• _Material for the task_:

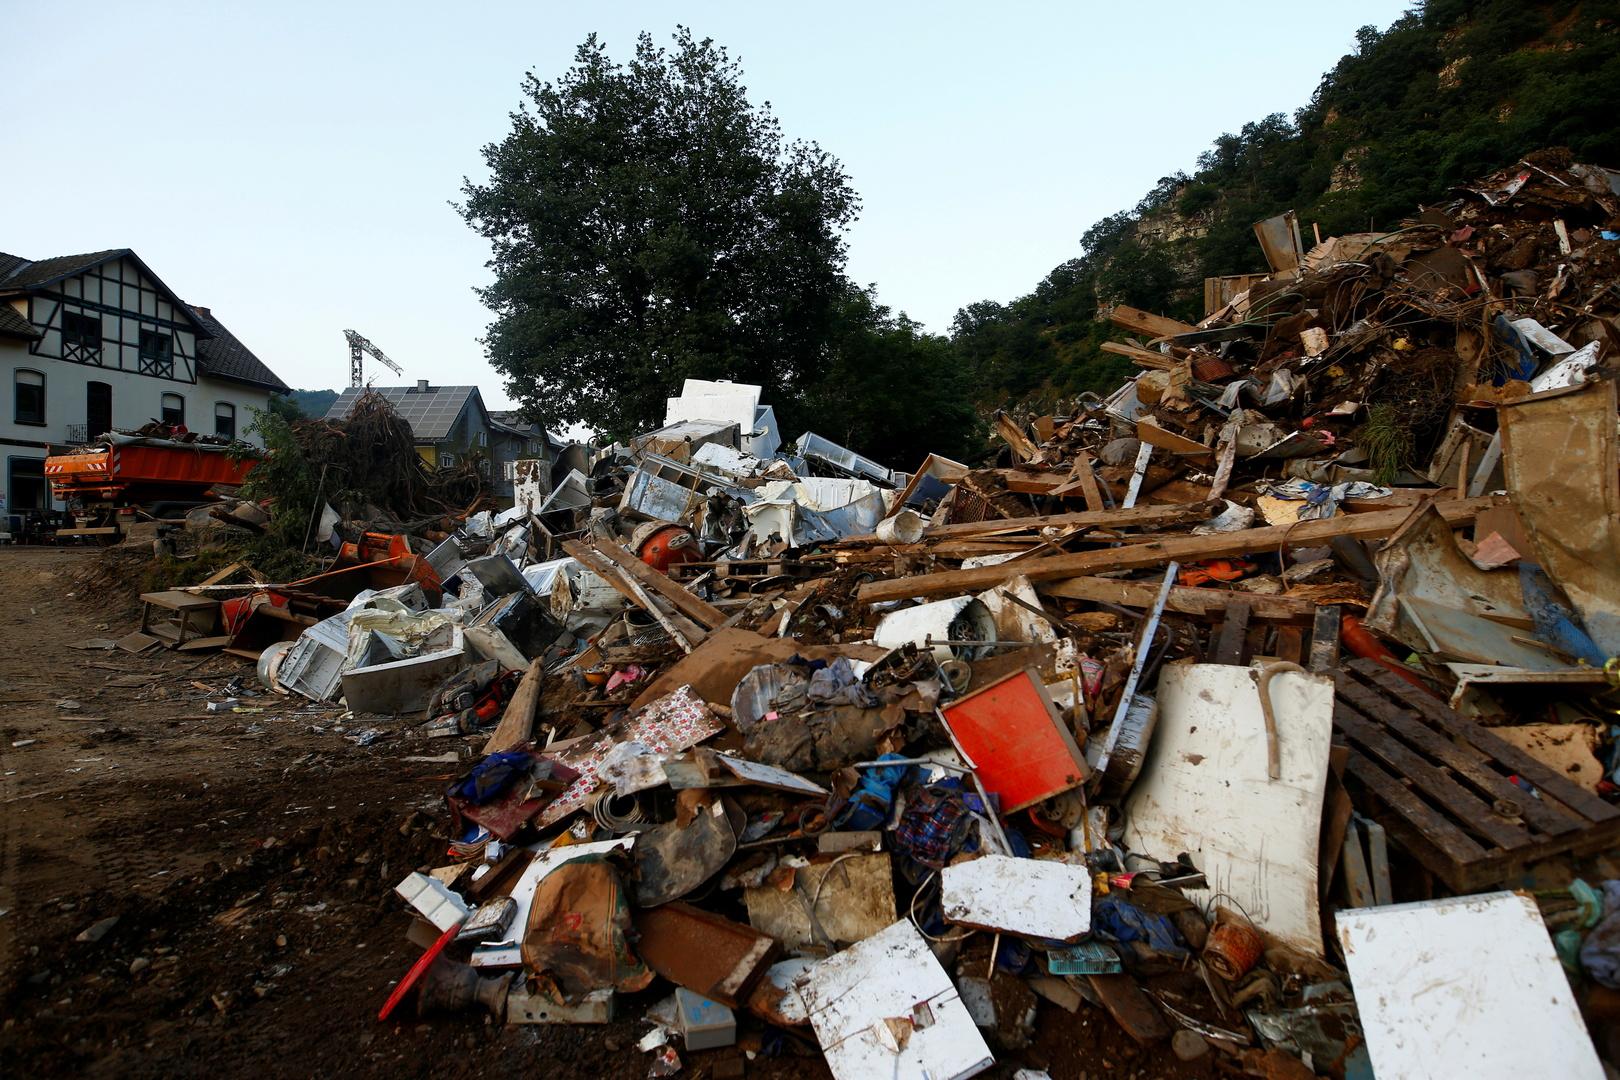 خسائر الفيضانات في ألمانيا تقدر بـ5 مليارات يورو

==

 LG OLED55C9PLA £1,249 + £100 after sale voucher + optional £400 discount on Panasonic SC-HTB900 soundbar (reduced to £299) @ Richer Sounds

--

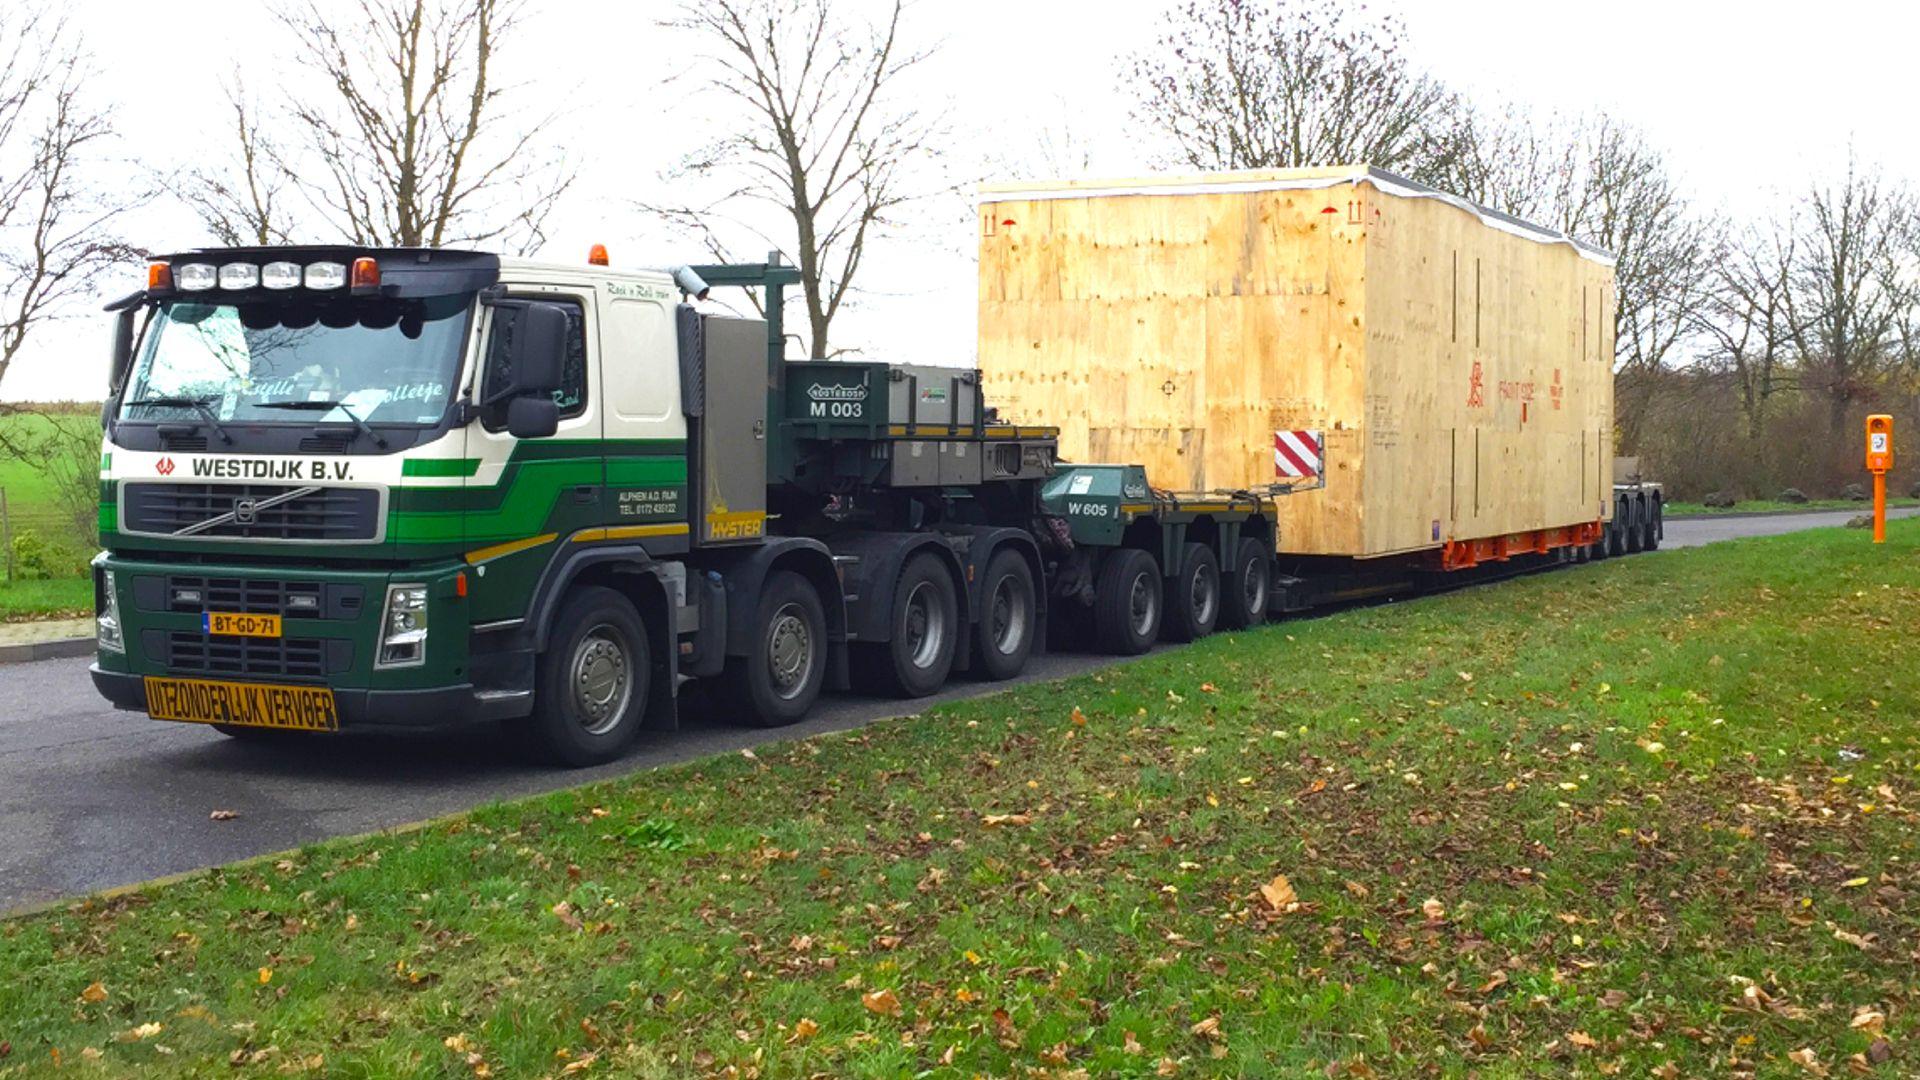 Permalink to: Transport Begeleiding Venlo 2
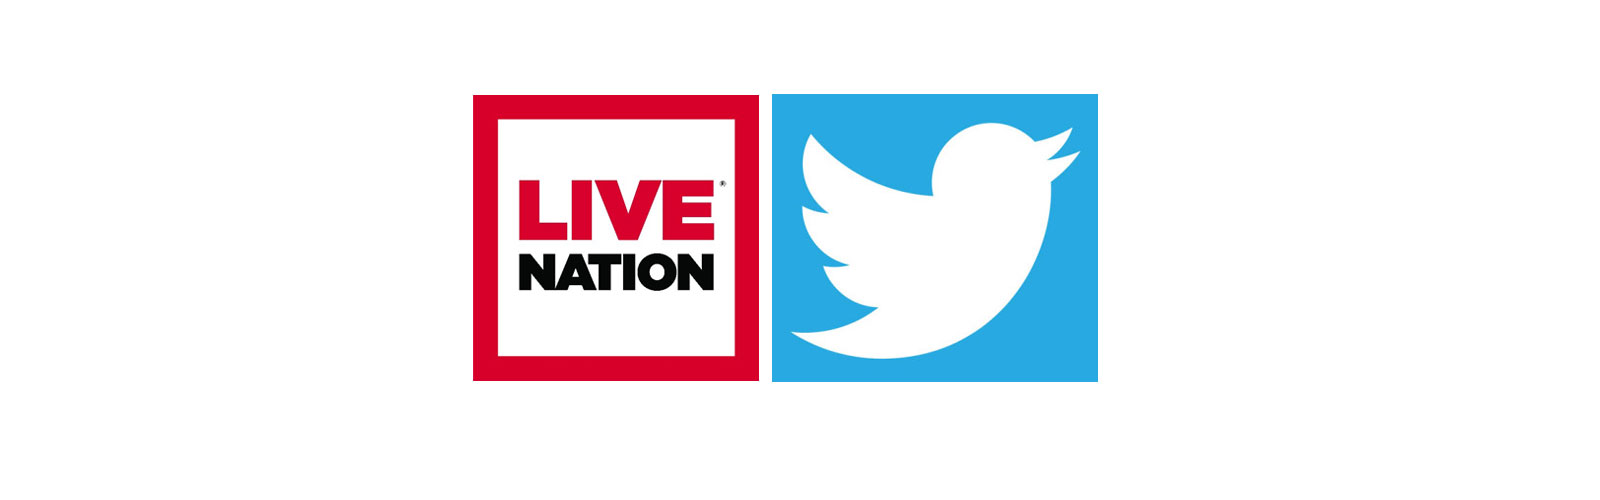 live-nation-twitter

• _Your objective_:
Return only the part above that opens with the line containing "Permalink to: Transport Begeleiding Venlo 2" and closes with the line containing "live-nation-twitter", exactly and with both ends, skipping the pictures.

• _Solution to the exercise_:
 Permalink to: Transport Begeleiding Venlo 2
 live-nation-twitter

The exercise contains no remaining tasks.